The baby was born with cerebral palsy. A mammoth cyst on his head choked off the blood flow, slowly rendering him brain-damaged. Doctors gave him months to live.

Today he lies on a bed in Lee’s home, his legs splayed at impossible angles, his feet turned back inward. Eyeing the room impassively, he occasionally lets out a snort or sigh, as his parents regularly vacuum his saliva through a tracheal hole in his throat. They call him Eun-man, which means full of God’s grace.

Let’s take a closer look at what counts as morality in a Christian worldview.

Christianity and self-sacrificial personal morality

Well, first of all, the moral activity is proceeding from a true worldview. The worldview of Christian theism is grounded on facts. A scientific case can be made for the existence of God, from the origin of the universe, the cosmic fine-tuning, the origin of life, the Cambrian explosion, habitability and so forth. Second that case can be augmented by philosophical arguments like the ontological argument from reason, the epistemological argument from evil, the moral argument, and so forth. And finally, a historical argument can be made made for the resurrection of Jesus, which shows the self-sacrificial and loving character of God.
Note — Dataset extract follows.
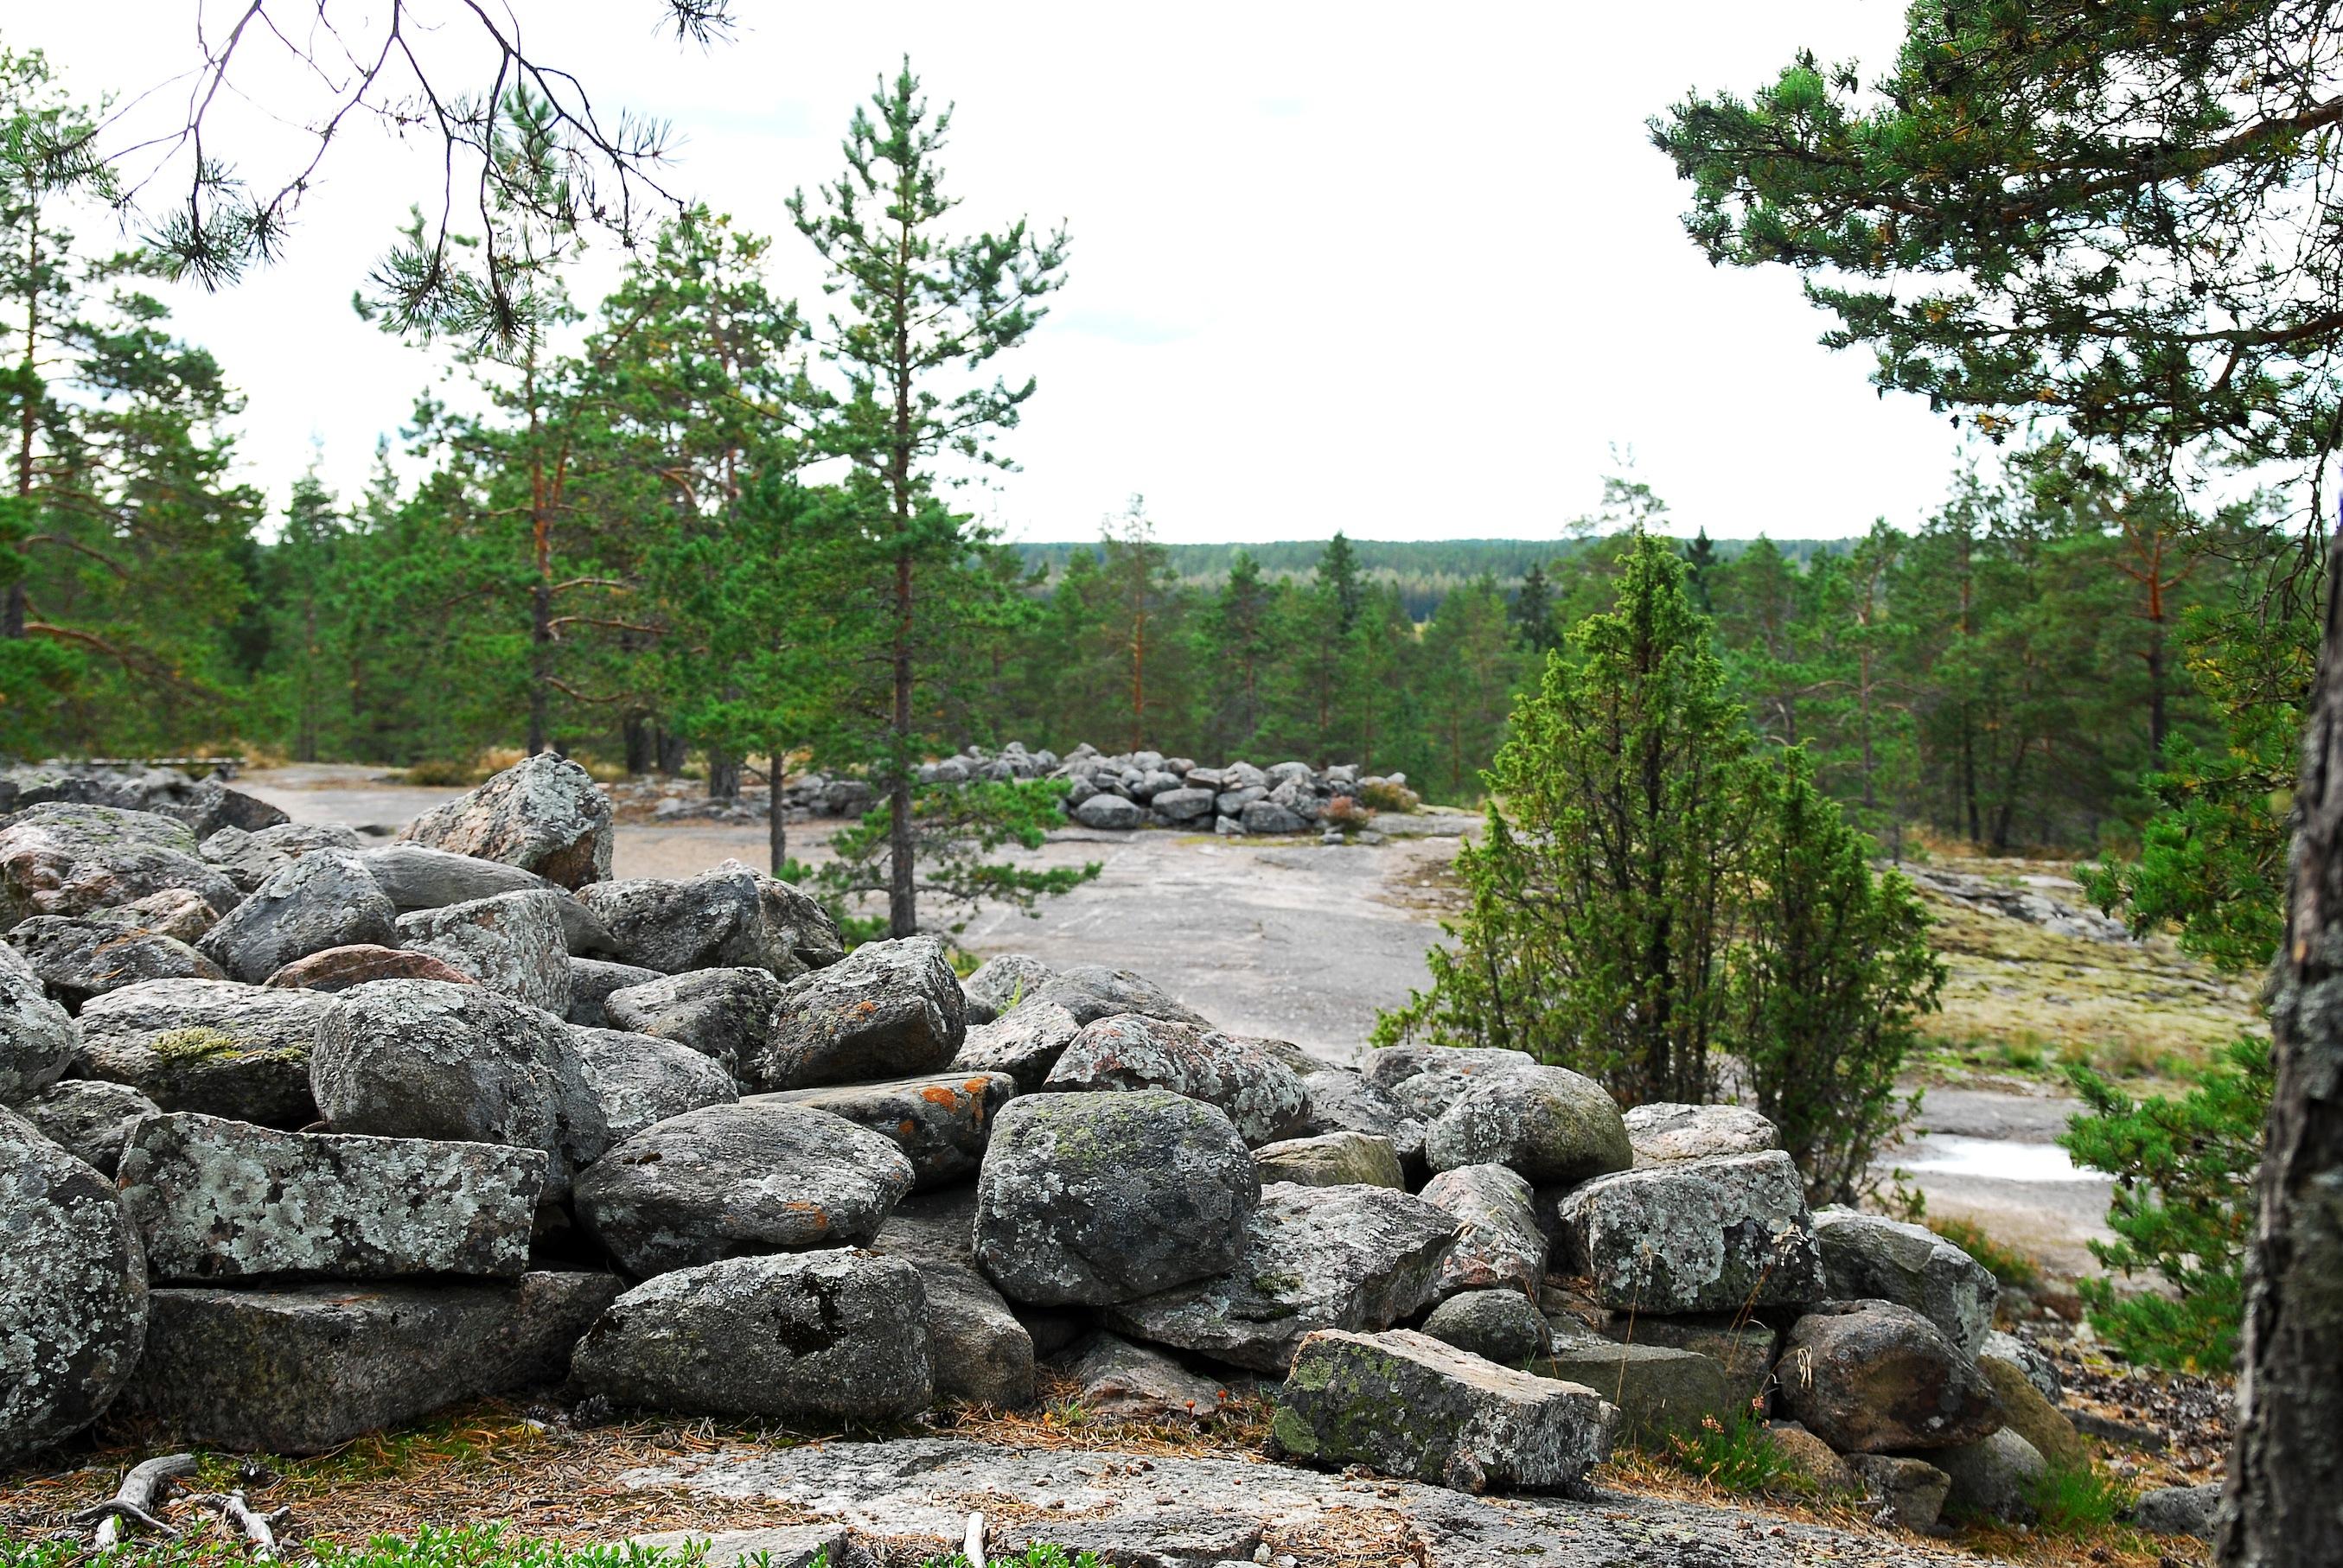 Sammallahdenmaki_city of Rauma - Finland

Most importantly, the Christian worldview holds that our happiness is not the purpose of life. The purpose of life is to be rightly related to God the Father, and that this knowing God can involve some self-sacrificial suffering. The purpose of life is not for us to feel happy, to be liked by others, or to be concerned about equalizing the distributions of material possessions through government. What is required of Christians is that they sacrifice their own interests on an individual basis and help their neighbors personally, etc. There is little mention of accomplishing good through government, the emphasis is all on personal morality. Any earning, saving and spending that we do is expected to be partly for the goal of helping others directly. We don’t concern ourselves with the decisions that others are making with respect to earning, saving and spending. We don’t care about how rich or poor someone is. We just care about our own ability to earn, save and spend – with the goal of making all of it serve God.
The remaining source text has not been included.